Freedom of expression: woolgathering
Freedom of expression is a dream in the nascent democratic system in Pakistan. The country has a diversity of political perspectives and there are definitions and norms set in the constitution that deal with religious bigotry, blasphemy laws and partisan strife. These form the key components within a framework for advancement of and managing the freedom of expression in the land. But the rules set in the book differ from practice.
The right to freedom of expression is recognised as a basic human right under Article 19 of the Universal Declaration of Human Rights and accredited in global human rights laws in the International Covenant on Civil and Political Rights (ICCPR). There can be found hints to such ideas, as the “flexibility of discourse in parliament”, in England’s Bill of Rights from 1689 regardless of its actual efficacy. The Declaration of the Rights of Man and of the Citizen, embraced by the French Revolution in 1789 particularly asserted the opportunity of discourse as a basic right. The declaration, in Article 11, proposes free communication of ideas and presumptions, and this stands out amongst the most valuable of privileges of man. Each citizen may, in like manner, talk, compose and print with opportunity but one should be accountable of the ill uses of this flexibility as may be characterised by the law.
Pakistan got its first constitution, nine years after winning its independence, in 1956. This constitution ensured the right to opportunity of expression under Article eight. The flexibility of press was not mentioned here. This constitution was focused around the Government of India Act of 1935 and was repealed by the military administration of Field Marshal Ayub Khan in 1958. The new constitution, declared in 1962, ensured the right to opportunity of expression under Article six but it excessively neglected accommodating the right to freedom of press. The constitution of 1962 was soon repealed by the military administration of General Yahya Khan and, after his administration fell, the justly chose legislature of Zulfikar Ali Bhutto set about figuring yet another constitution for Pakistan and one was declared in 1973. It was an accord constitution where all stakeholders appeared satisfied. The constitution of 1973 ensured the right to freedom of discourse and articulation under Article 19. It likewise ensured the right to freedom of press.
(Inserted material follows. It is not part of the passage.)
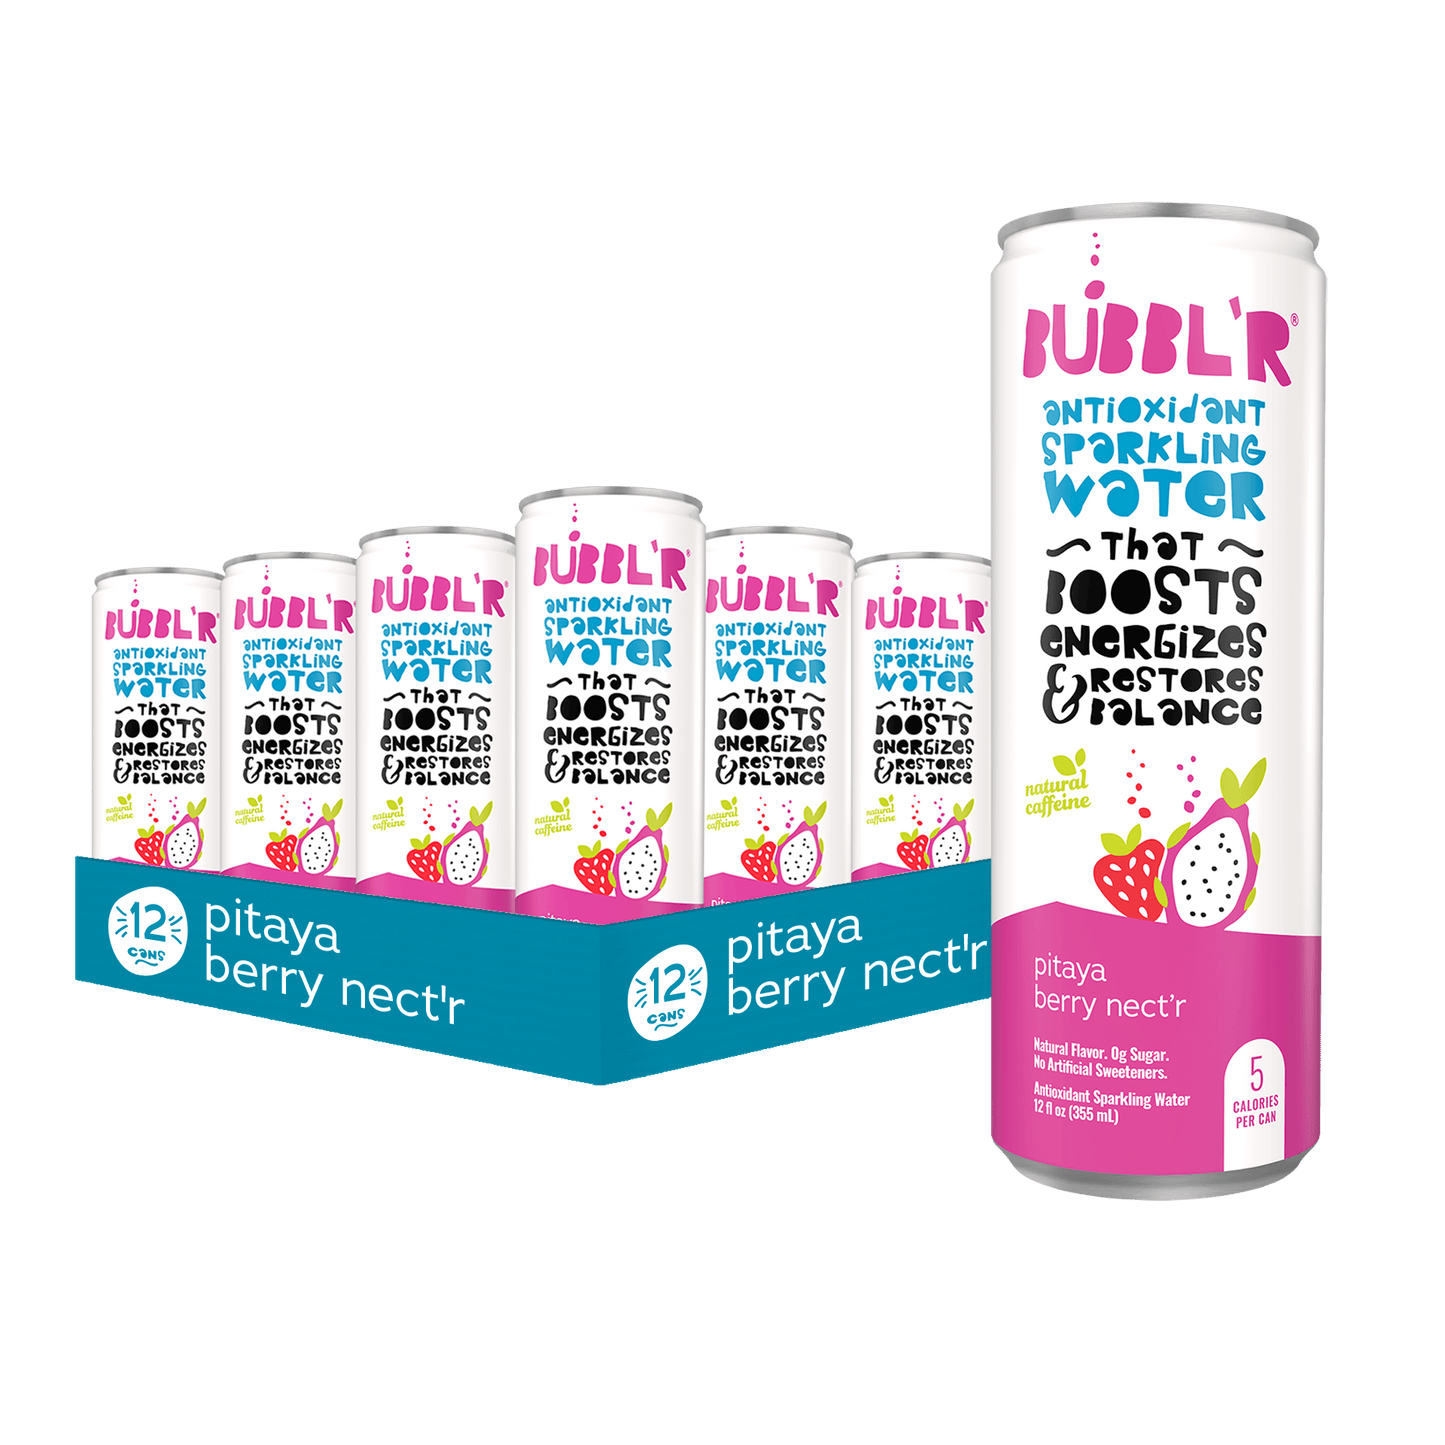 pitaya berry necter flavor 12 pack of bubbl'r cans

The constitution ensured that all subjects of Pakistan be allowed to express views and ideas without being obstructed for doing so. This implies that subjects may talk their mind, put their thoughts or feelings in writing, disseminate them, post them over the web, or express what they feel in any conceivable way. This incorporates different works of art and has another noteworthy proclamation. It integrates the right to look for, get and confer data, thoughts or analysis in any format that may be available.
Pakistan has had a checkered history of freedom of press. It enjoyed an exceptionally brief period during which there was freedom of press and that freedom was gone with the demise of Muhammad Ali Jinnah. Before long, daily papers began getting banned and their editors were imprisoned. Successive governments kept on reducing freedom of the press. Various laws were instituted to restrict freedom of the press and to intimidate columnists into keeping news stories from society.
The press has had a major role in strengthening the country by investigating and reporting beyond the propaganda of governments, normally done through advertisements showering accolades on the great administration of the country. The Pakistani media has actually created awareness across the population by uncovering scams, law violations and crimes of national and global offenders, businessmen and terrorists. Acting as an interlocutor between the government and the opposition, between the legislature and civil society, the media has offered a voice for the grievances of the ignored and suppressed communities and individuals, bringing their cases into public view.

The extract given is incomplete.